Tony McGee

No. 71, 78
- Position: Defensive end

Personal information
- Born: January 18, 1949 (age 77) Battle Creek, Michigan, U.S.
- Listed height: 6 ft 4 in (1.93 m)
- Listed weight: 250 lb (113 kg)

Career information
- High school: Battle Creek
- College: Wyoming, Bishop
- NFL draft: 1971 (3rd round, 64th overall pick)

Career history
- Chicago Bears (1971–1973); New England Patriots (1974–1981); Washington Redskins (1982–1984);

Awards and highlights
- Super Bowl champion (XVII); New England Patriots All-1970s Team;

Career NFL statistics
- Sacks: 103
- Fumble recoveries: 12
- Stats at Pro Football Reference

= Tony McGee (defensive lineman) =

American football player (born 1949)

Anthony Eugene McGee (born January 18, 1949) is an American former professional football player who was a defensive end for 14 seasons in the National Football League (NFL), including two Super Bowls with the Washington Redskins. He played college football for the Wyoming Cowboys before being dismissed as part of the Black 14 in 1969. McGee continued his college career with the Bishop Tigers and was selected in the third round of the 1971 NFL draft by the Chicago Bears.

==College career==
Born and raised in Battle Creek, Michigan, McGee played college football at the University of Wyoming in Laramie. In his junior season in 1969, the team was off to a 4–0 start, ranked #16 in the AP poll, and appeared headed for a fourth straight conference title. But on Friday, October 17, the day before the home game against BYU, McGee and thirteen other African American players went to head coach Lloyd Eaton's office to discuss how they might participate in a protest called by the UW Black Students Alliance against the Church of Jesus Christ of Latter-day Saints tenet which prohibited black men from becoming priests. As soon as Eaton saw them wearing black arm bands, he took them into the Memorial Fieldhouse bleachers and immediately informed them they were all off the team because they violated the coach's rule against participating in demonstrations.

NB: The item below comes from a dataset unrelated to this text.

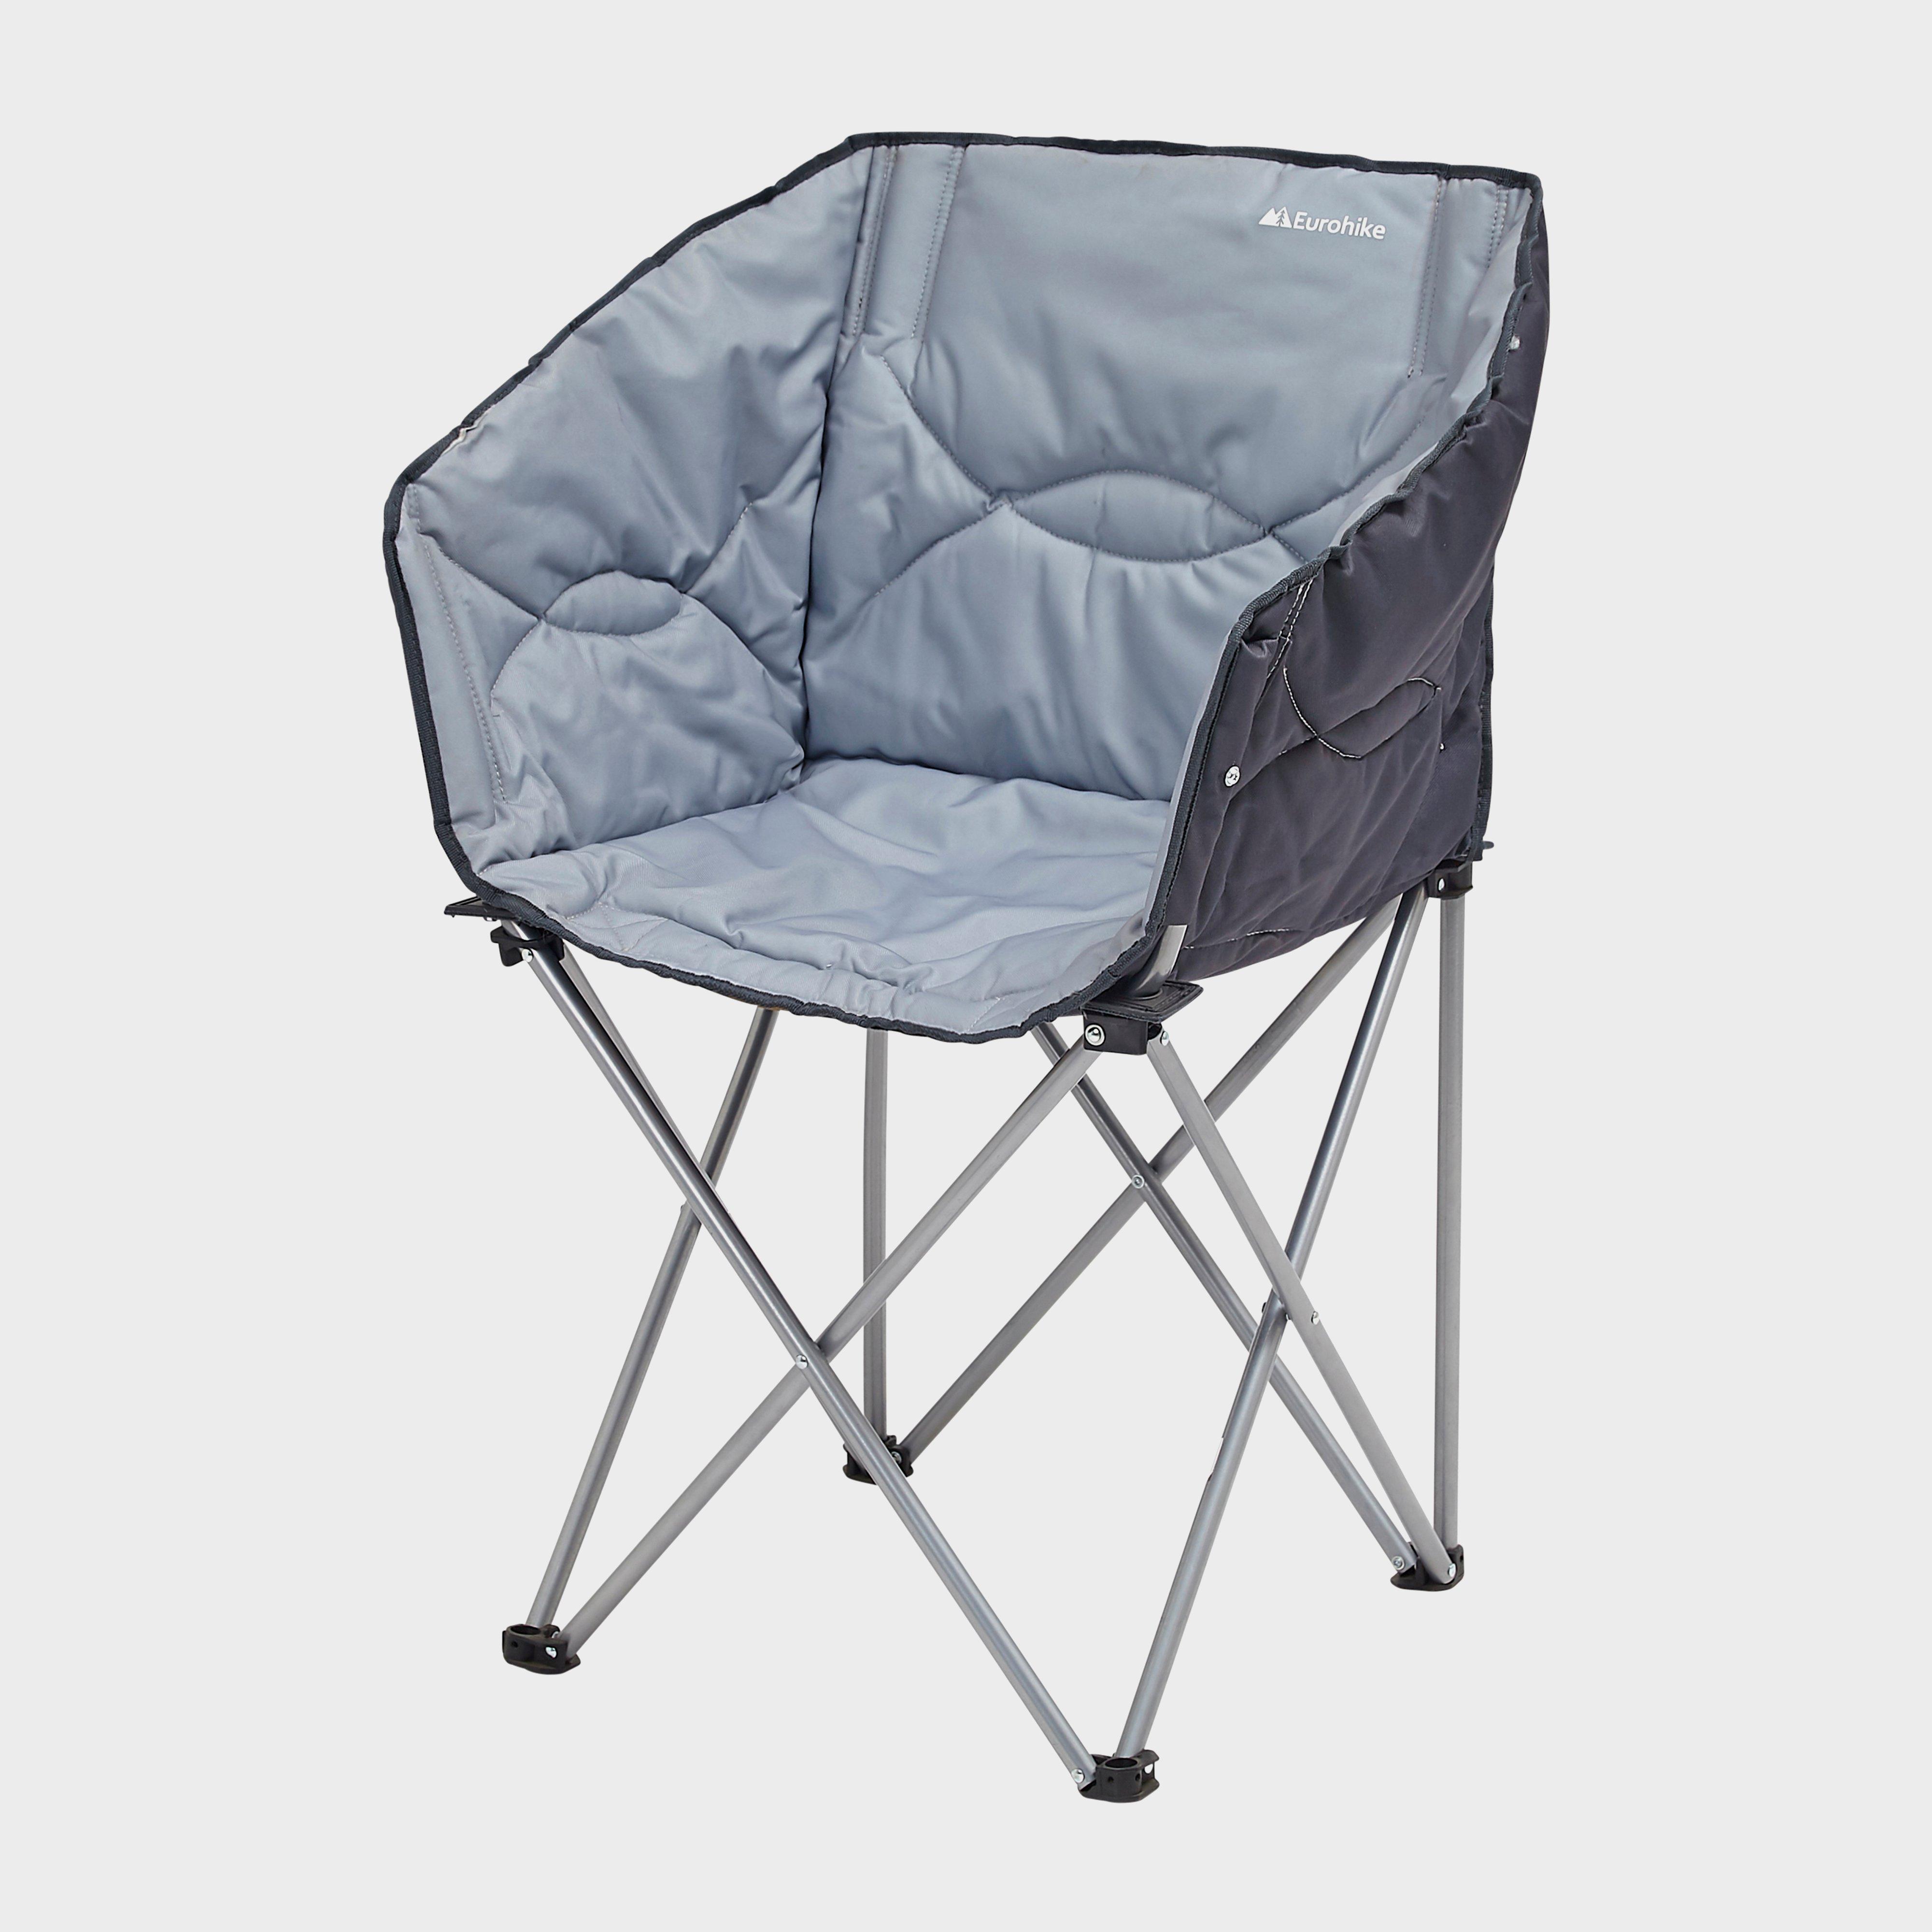 Image of Eurohike Quilted Tub Chair - Blue/Dgy, blue/DGY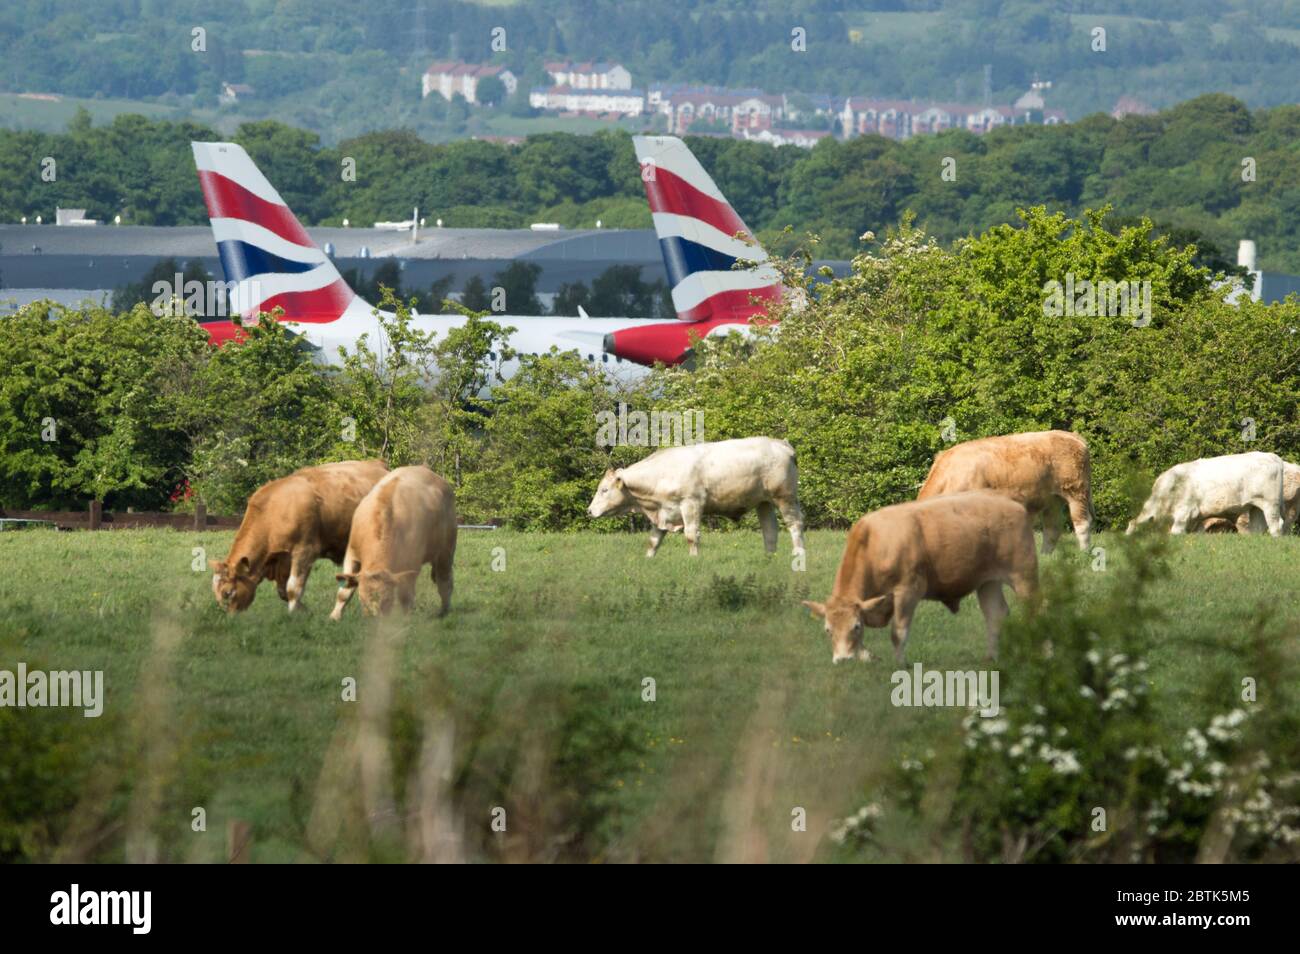 Glasgow, Scotland, UK. 26th May, 2020. Pictured: Cows graze the grassy fields surrounding the airport, with tail fins sticking up in the background of the grounded British Airways Airbus A319/A320/A321 Aircraft seen grounded on the tarmac due to the coronavirus (COVID19) crisis which has put massive financial pressures on the global aviation industry, where BA have cut over 12,000 staff. Credit: Colin Fisher/Alamy Live News Stock Photo

The rule was withdrawn the next week, but the players were not reinstated. McGee and five others were starters, and after this, the Wyoming football program was not the same. Although the suddenly all-white Cowboys defeated BYU and San Jose State to improve to 6–0, they lost their four road games in November. In 1970, the Cowboys went 1–9 and Eaton "retired" from coaching, reassigned to assistant athletic director. Wyoming posted only one winning season in the 1970s, in 1976.

Three of the Black 14 underclassmen returned to the team in 1970, but McGee finished his college career in Texas at Bishop College in Dallas. He was projected to be a first round pick in the 1971 NFL draft, but fell to the third round (64th overall) because word passed around that he was a troublemaker due to his dismissal from Wyoming and his involvement in the Black 14.

==Professional career==
McGee played 14 years as a defensive lineman in the NFL with the Chicago Bears (1971–73), New England Patriots (1974–81), and Washington Redskins (1982–85). Known as "Mac the Sack" because of his ability to get to the quarterback, McGee had a career total of 106.5 sacks. A durable defensive lineman, McGee played in 203 games, missing only one game during his entire NFL career. He was a nominee for the Pro Football Hall of Fame in . While with the Redskins, McGee played in Super Bowls XVII (1983) and XVIII (1984), winning the former.

==TV career==
McGee is the founder and host of the longest-running minority-owned sports talk show in the Washington, D.C. region. His "Pro Football Plus" television show is currently celebrating thirty-eight seasons.